You are given the questions of others
as if they were answers
to all you ask. Yes, perhaps
this gift is your answer.
Denise Levertov




©bonnie annis all rights reserved
 

2 comments:

  1. Remember the sage wisdom of Mark Lowry...."This too shall pass!!" Hang in there! Love you!

    ReplyDelete
  2. I feel so bad for all the pain you are suffering....even my chest hurt when I read it. Prayers for you today. I pray the dr has some good news for you today!!!! I was going to suggest button down shirts that you can leave open at will. I am going to look for a loose, comfy, button pj top for myself.
    I have a love/hate with the statement "it came to pass", my gf tells me that too....and I know it's true but I just want it GONE!
    re Christmas: Oh I think about it too. It's my year to host the whole family C'mas eve event and I have already said I am not. I am not sure if I'll put up the big tree (I do it myself) or just a table top tree.
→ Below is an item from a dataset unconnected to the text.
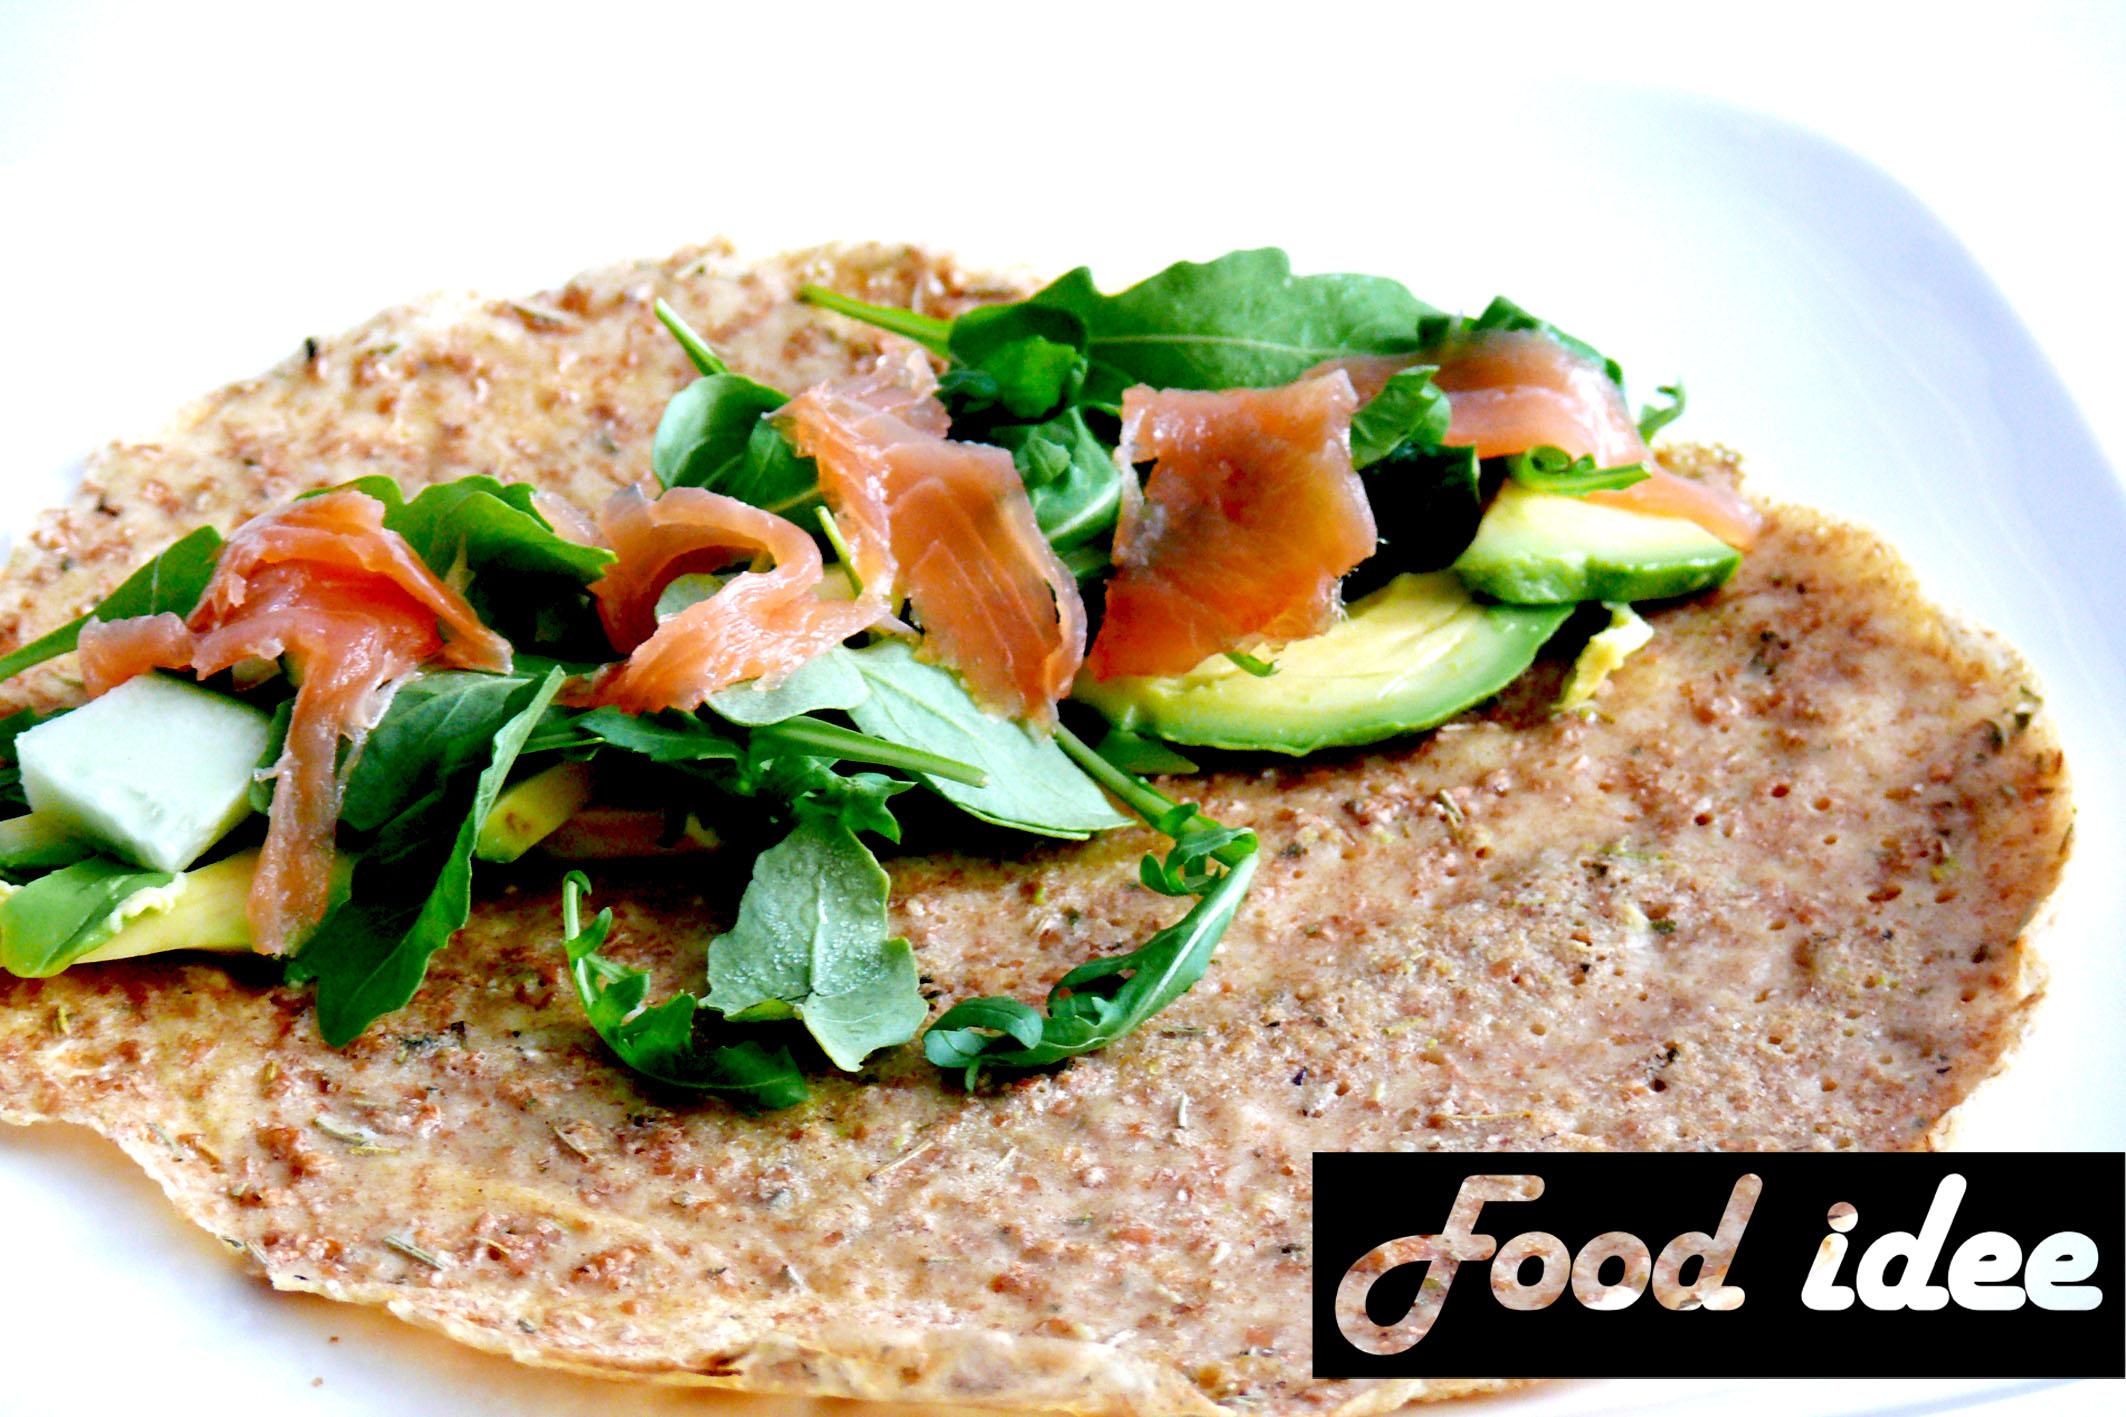 spelt boekweit pannenkoek met zalm en avocado

I will still have the grands over so will have to do something. I think one of your daughters should definitely have Christmas. I admit I LOVE the decorations but that is not what it is about. I think it's just important to be with family as we celebrate Jesus' birth. At least you know the radiation will be over by then.
    I am in limbo right now......I was told that today is my last chemo........I am so afraid the dr is going to say he made a mistake and I have 3 more. I'll cry again if so, NOT happy tears either. When is my appt with the surgeon? when is my surgery? Thank God I am only having a lumpectomy and some lymph nodes on the right side. When will I have radiation? for how long? I have plans for a scrapbook weekend in Jan, will I feel good enough to attend? Just a few of my questions so you don't have to feel like you are the only one who wonders....what???? when???? how???
    Thanks for your comment on my blog. For the most part I am happy and content, but some days......I don't really cry myself to sleep. But I do put up a dam good front! God Bless and may we both have great days at our dr/treatment appointments today!!!